| Task brief |
Wherever the line that contains "徒然の草　柘榴　Turezure no kusa - Pomegranate" falls, repeat it and the lines after it exactly until the records end, without any pictures.
== Data to use ==
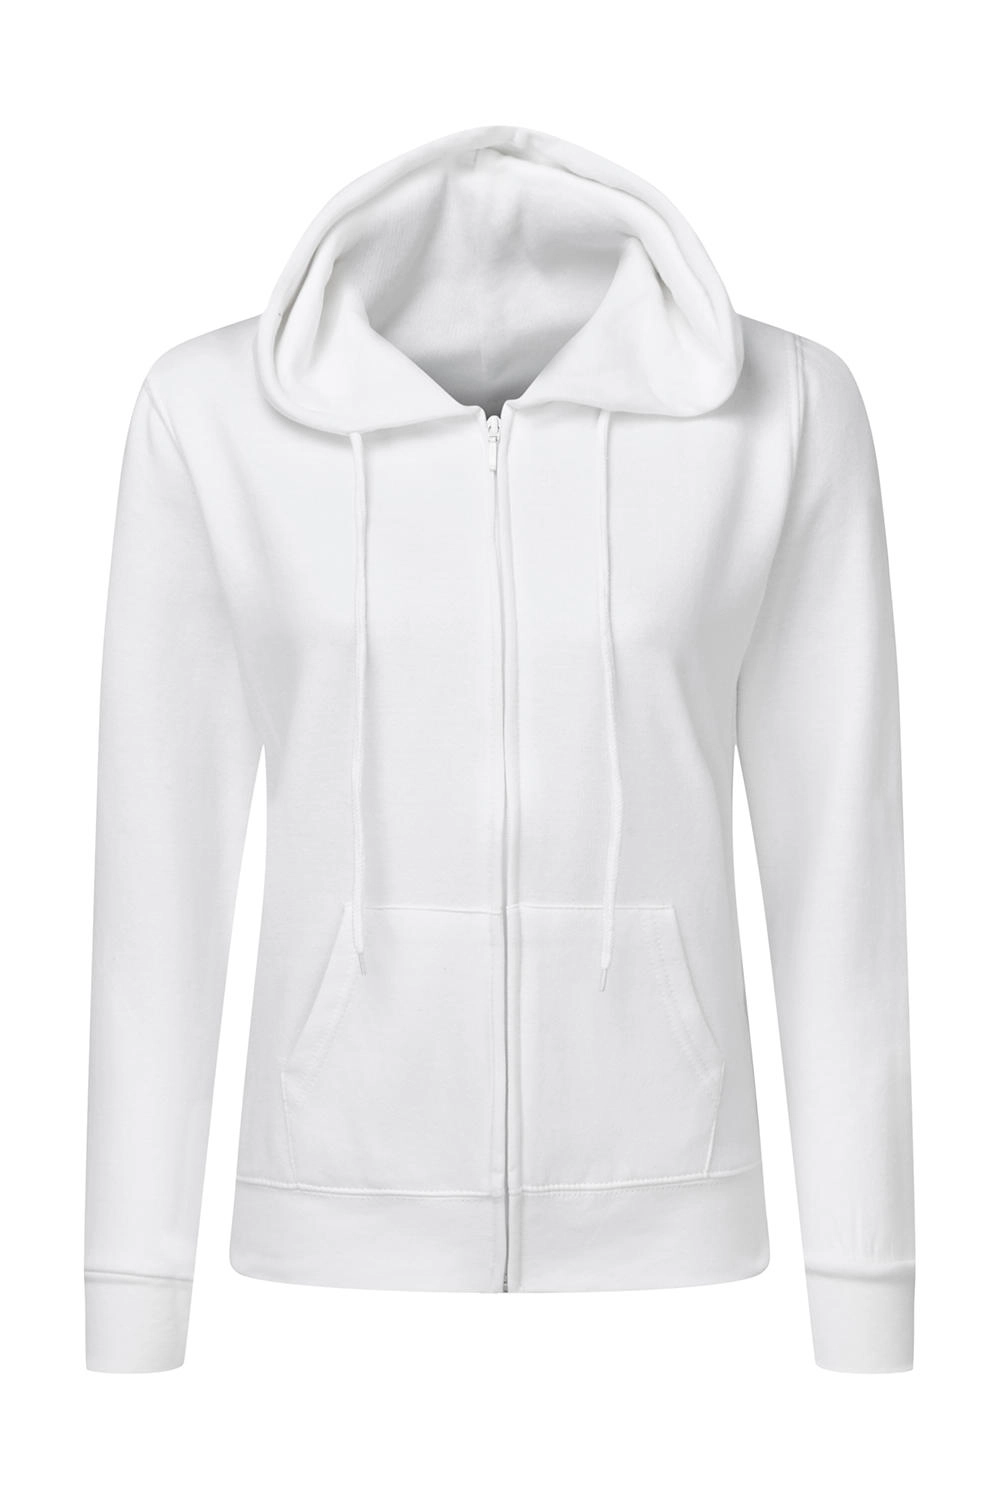 Hooded Full Zip Women zum Besticken und Bedrucken in der Farbe White mit Ihren Logo, Schriftzug oder Motiv.
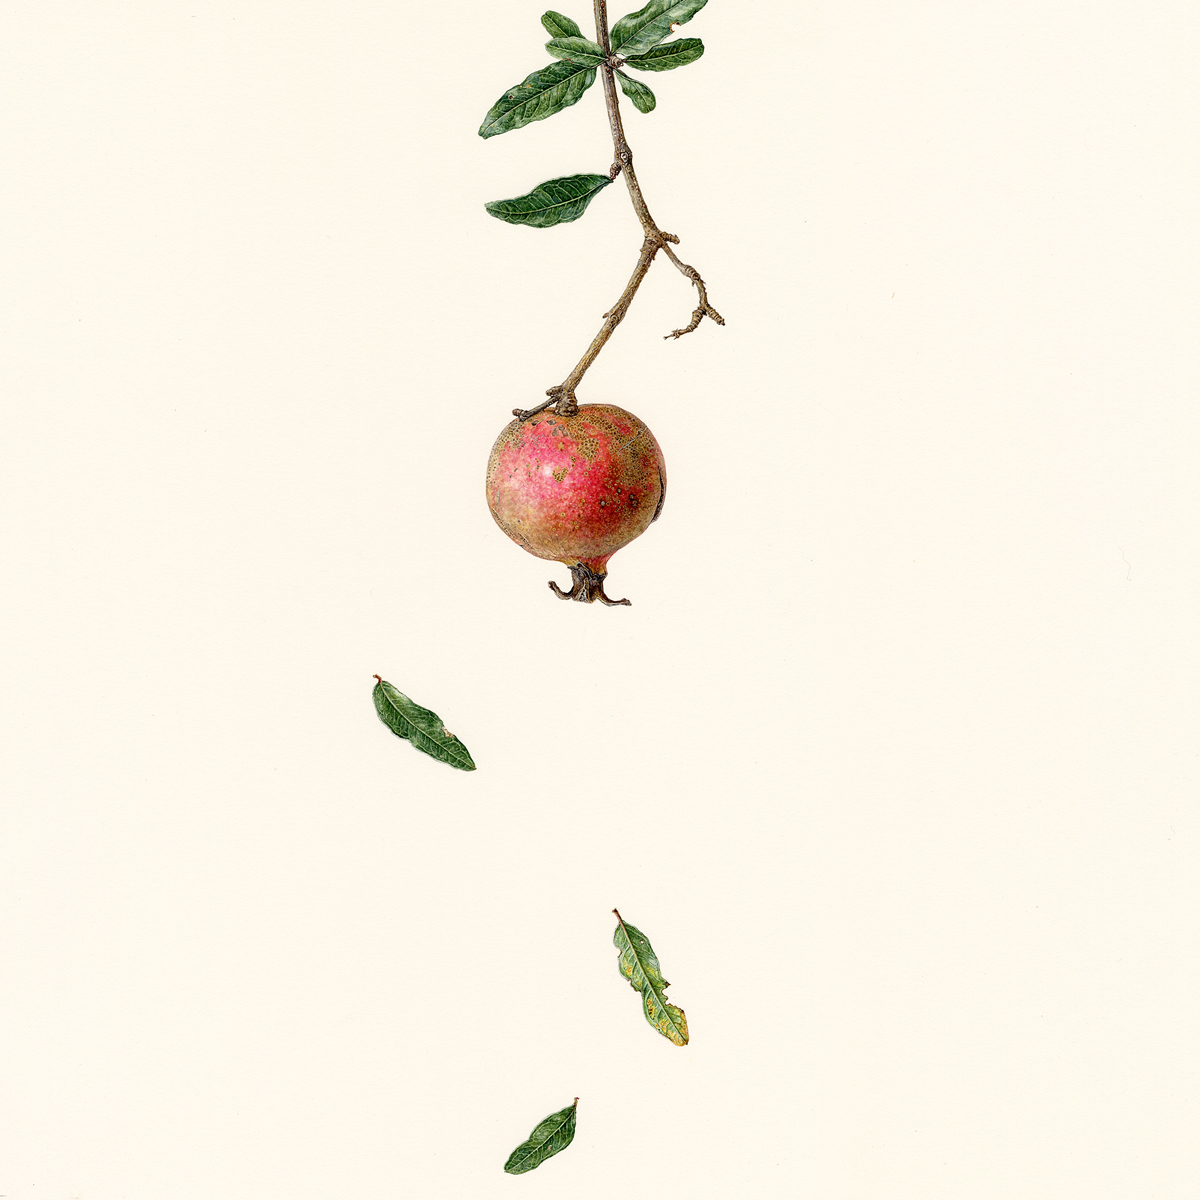 徒然の草　柘榴　Turezure no kusa - Pomegranate
 2020 / Watercolor on paper / 35 x 35 cm
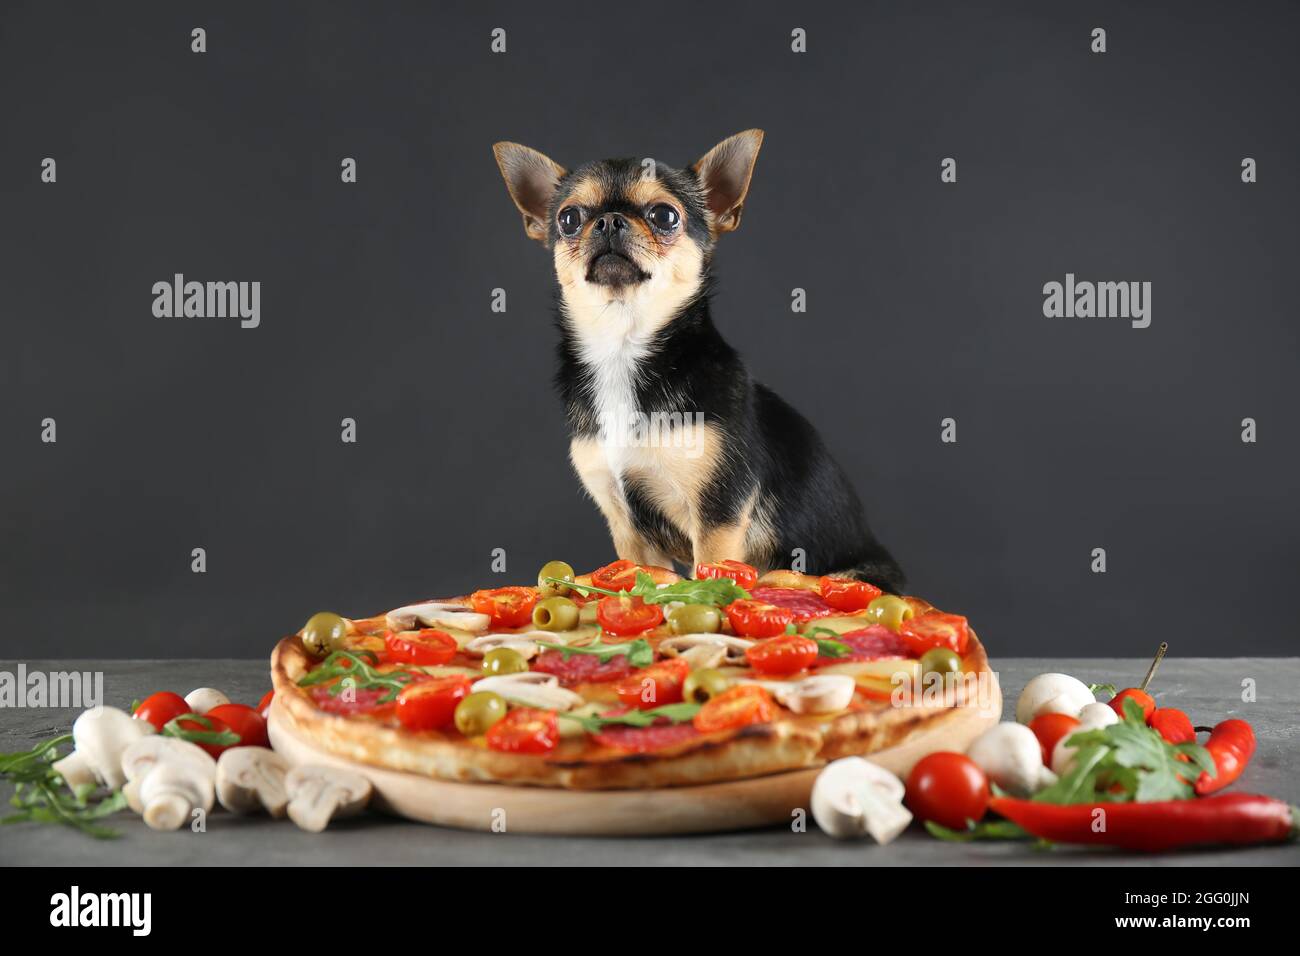 Kleiner chihuahua Hund mit Pizza auf grauem Hintergrund Stockfotografie -  Alamy
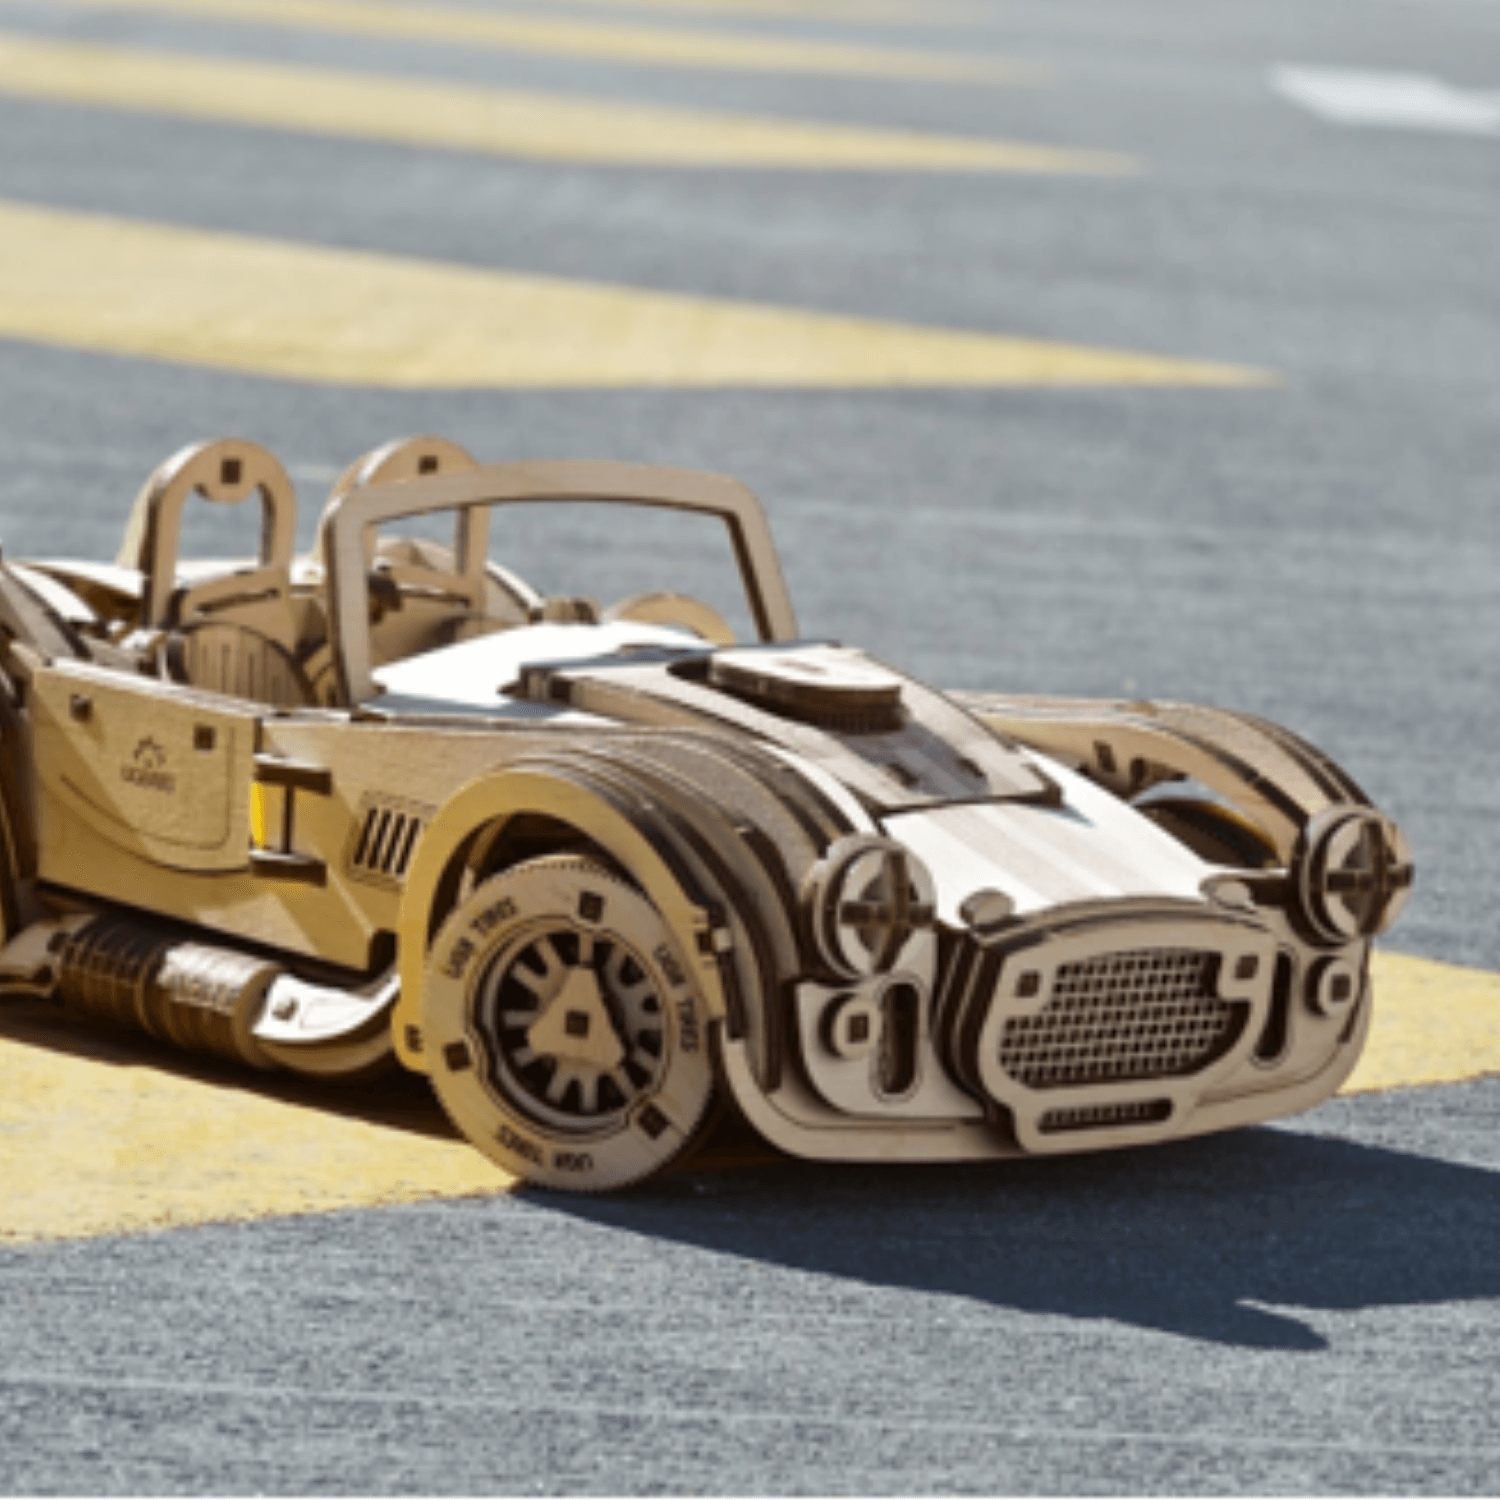 Drift Cobra Racing Car
===
| Your response |
 徒然の草　柘榴　Turezure no kusa - Pomegranate
 2020 / Watercolor on paper / 35 x 35 cm
 Kleiner chihuahua Hund mit Pizza auf grauem Hintergrund Stockfotografie -  Alamy
 Drift Cobra Racing Car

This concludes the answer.